When he decided to go for Windows 7, Elop effectively sidelined Nokia's current range of Symbian-powered phones, despite commitments to support the platform until 2016. Meanwhile, Nokia products using the Windows operating system will not ship until the fourth quarter of this year at the earliest.

Prior to the iPhone, Nokia was the king of mobile handsets. Now its share of the smartphone market has plunged from 49 per cent to 25 per cent. It has also lost its ranking as the largest handset maker in terms of revenue to Apple.

While some shareholders bemoan the fact that Nokia refused to stay the course with Symbian, most analysts say the Finnish firm needed a fresh sheet upon which to map out how to meet consumer demand for devices that surf the web, play films and run games. Carolina Milanesi, mobile phone analyst at Gartner, said Symbian could have been bettered but a fresh start was needed: "You are talking about something that can be improved, but it would have been difficult on such complex devices," she said.

As a company rooted in hardware and large-volume production, analysts say Nokia was slow to respond to the first iPhone and the launch of Android. Its hopes had been pinned on a platform called "MeeGo" - under development in conjunction with Intel - but after an internal review, Elop concluded that MeeGo wasn't ready to pick up the slack.

Some critics claim Nokia would have been better advised to join the Android bandwagon than pursue a partnership with Microsoft. Sales of smartphones using the Google operating system nearly quadrupled during the year to the end of March, putting them at more than double the sales of the more expensive iPhone. With such momentum behind Android, experts say Nokia could have regained its footing in the smartphone sector

Elop, however, wants Nokia to recapture the throne as the most innovative company in its sector. This would not have been possible with Android, as Google was not prepared to hand over any special concessions to Nokia. By contrast, the deal with Microsoft gives Nokia the right to bolt on almost any innovation that its engineers can come up with.

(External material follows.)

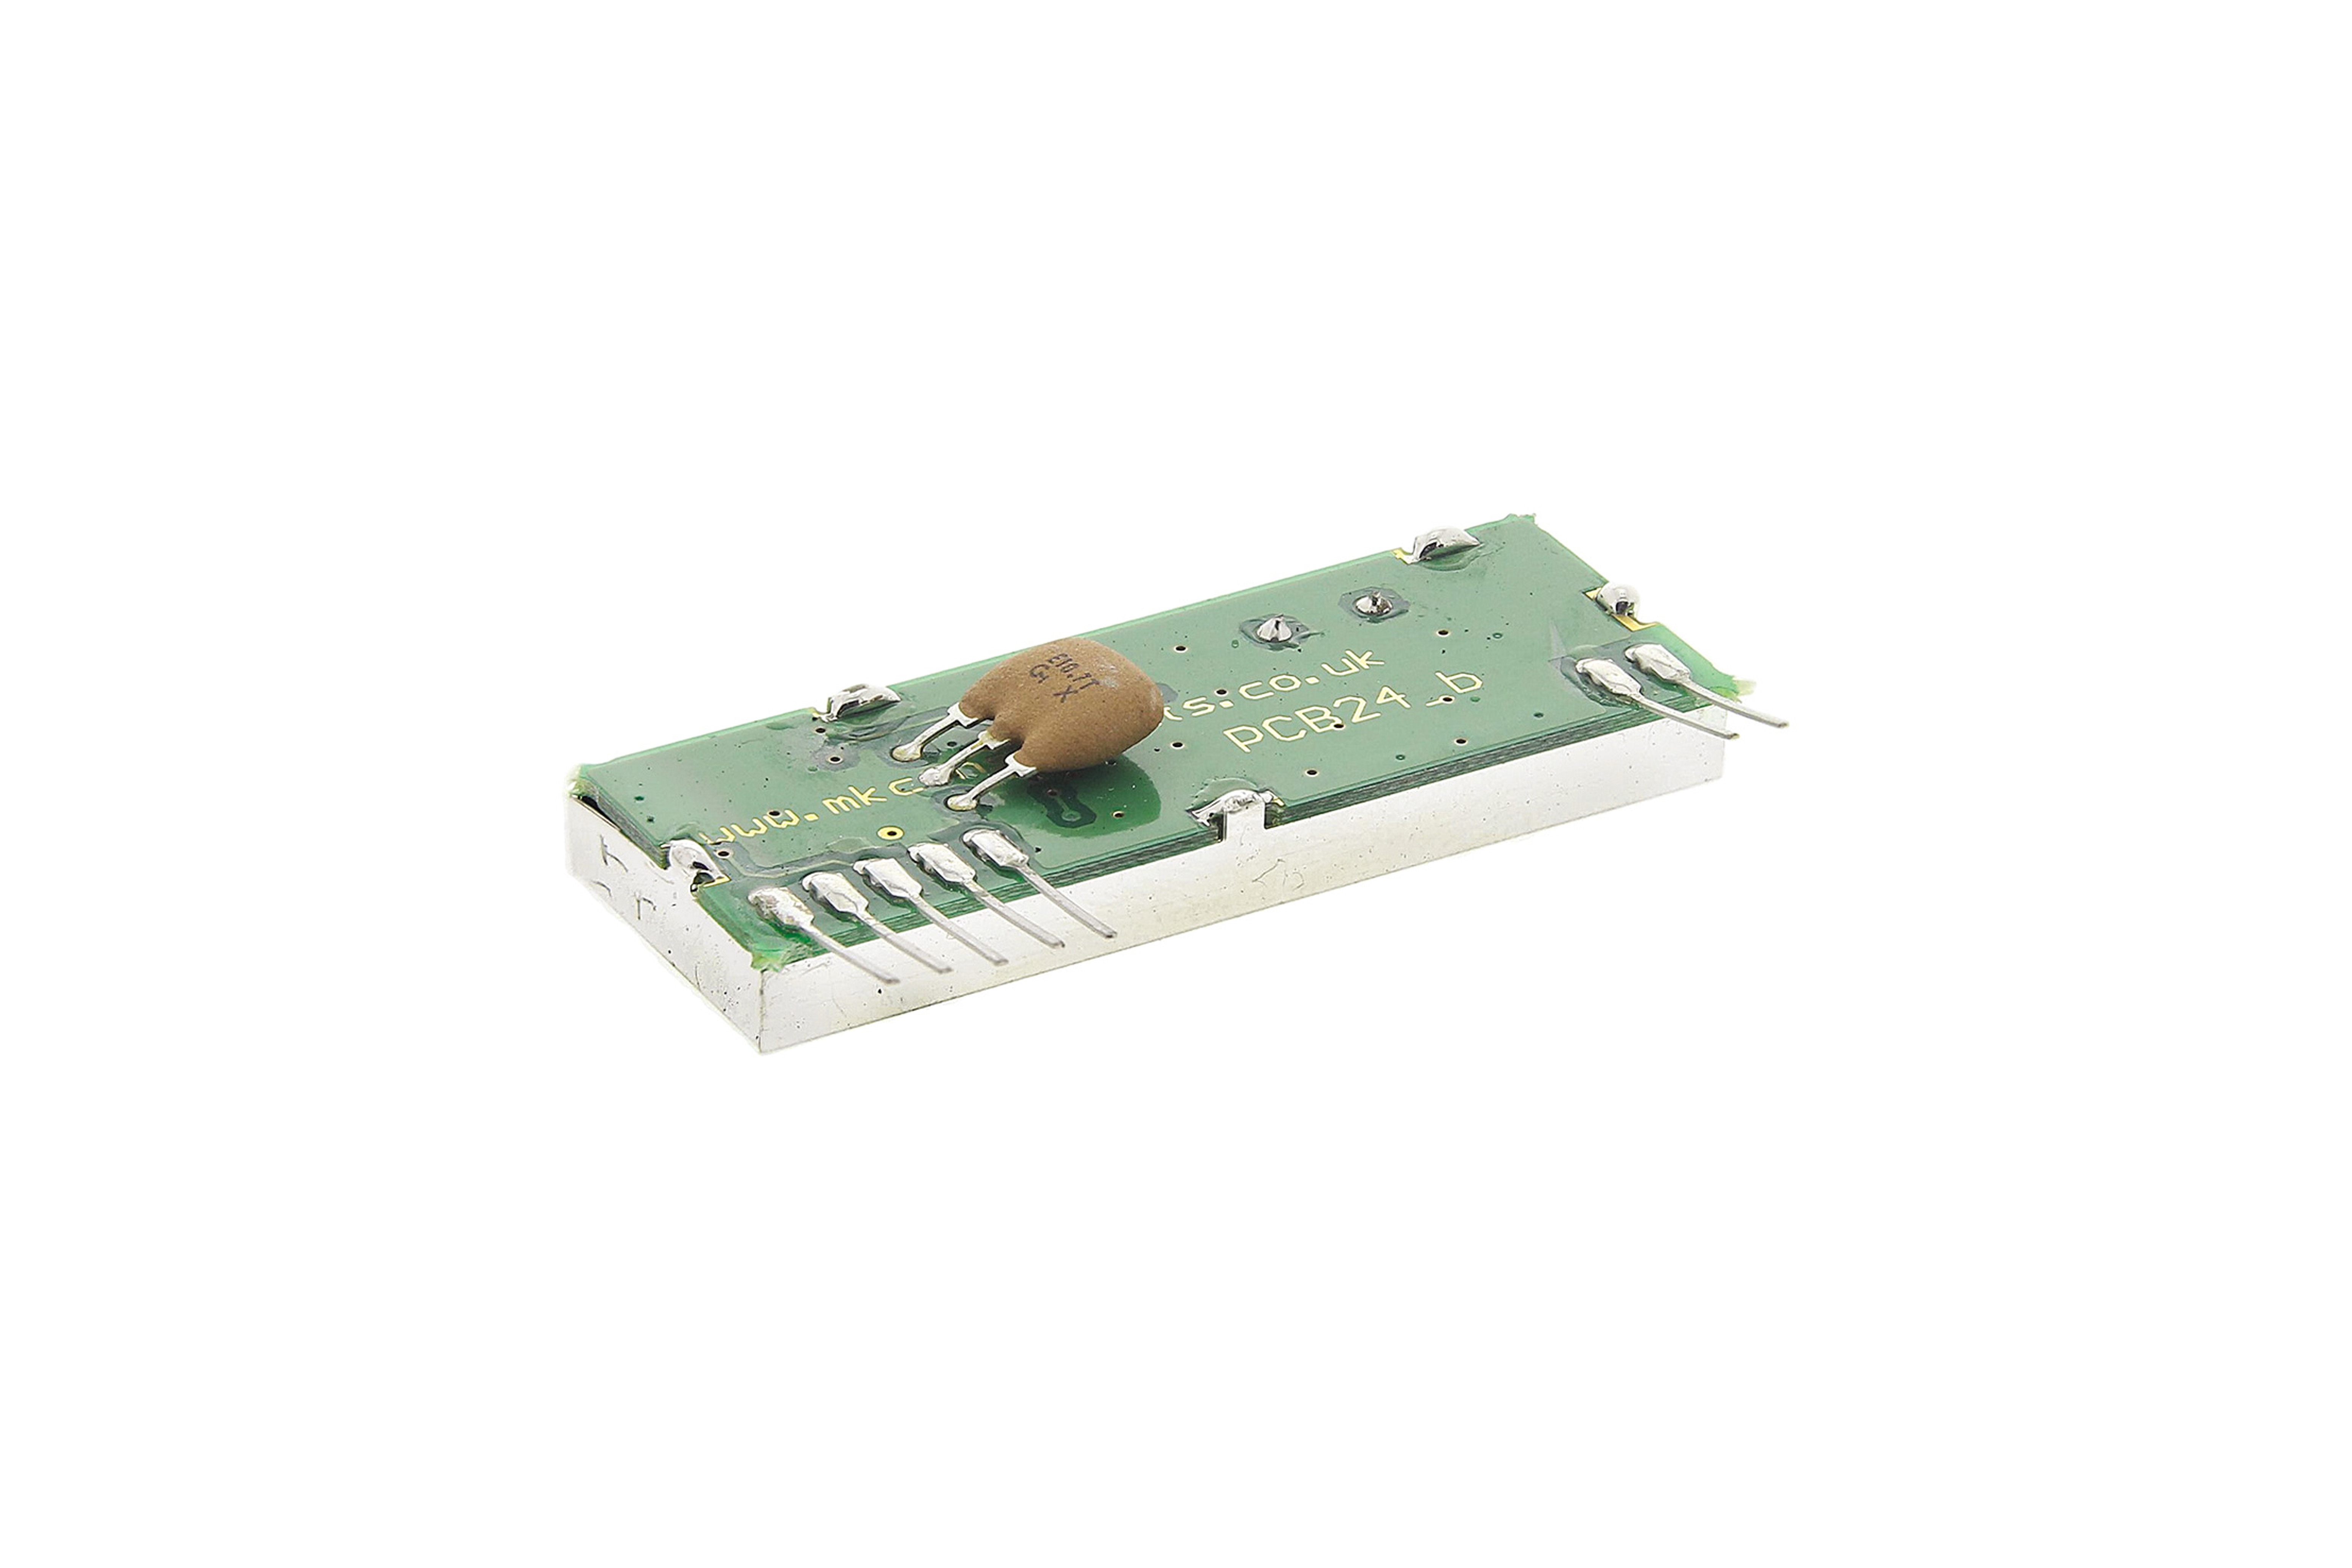 NBFM-Empfänger, 20 kB/s, 434.225 MHz, 1000 m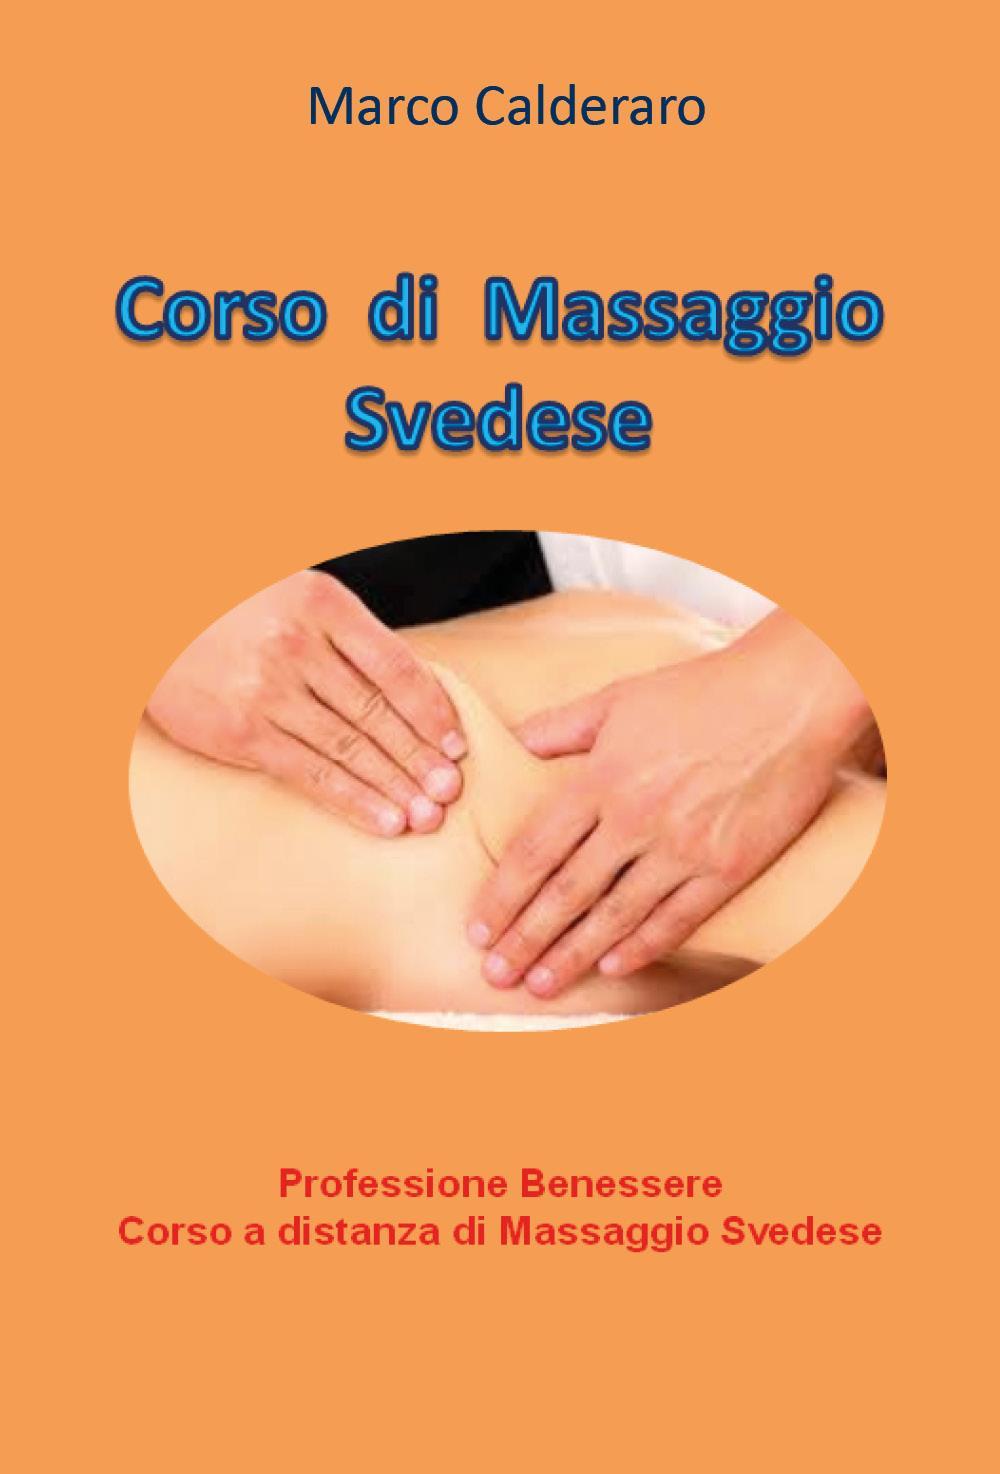 Professione Benessere - Corso a distanza di Massaggio Svedese

"I was at the Mobile Congress where they announced the partnership in February, and I actually thought it was good news," says Brian McNicoll, co-founder and managing director of Dynamo Games in Dundee. "If Nokia truly want to try and be a leader again, that is what they have to do."

Nokia has not yet suffered significant defections among its top technologists. At least part of this is down to national pride, as Nokia has for years been touted as Finland's technology champion. And despite the collapse in the firm's share price last week, some believe Elop can deliver.

Milanesi says much will depend on how well Nokia defends its territory from poachers during the transition period that Elop says will extend to the end of 2012. The battle to maintain market share is paramount, as it is difficult to win back customers once they've found an alternative they're happy with," she says.

"The second quarter should be the worst quarter for them," Milanesi says. "If that is not the case, then the whole recovery story is going to become much more difficult."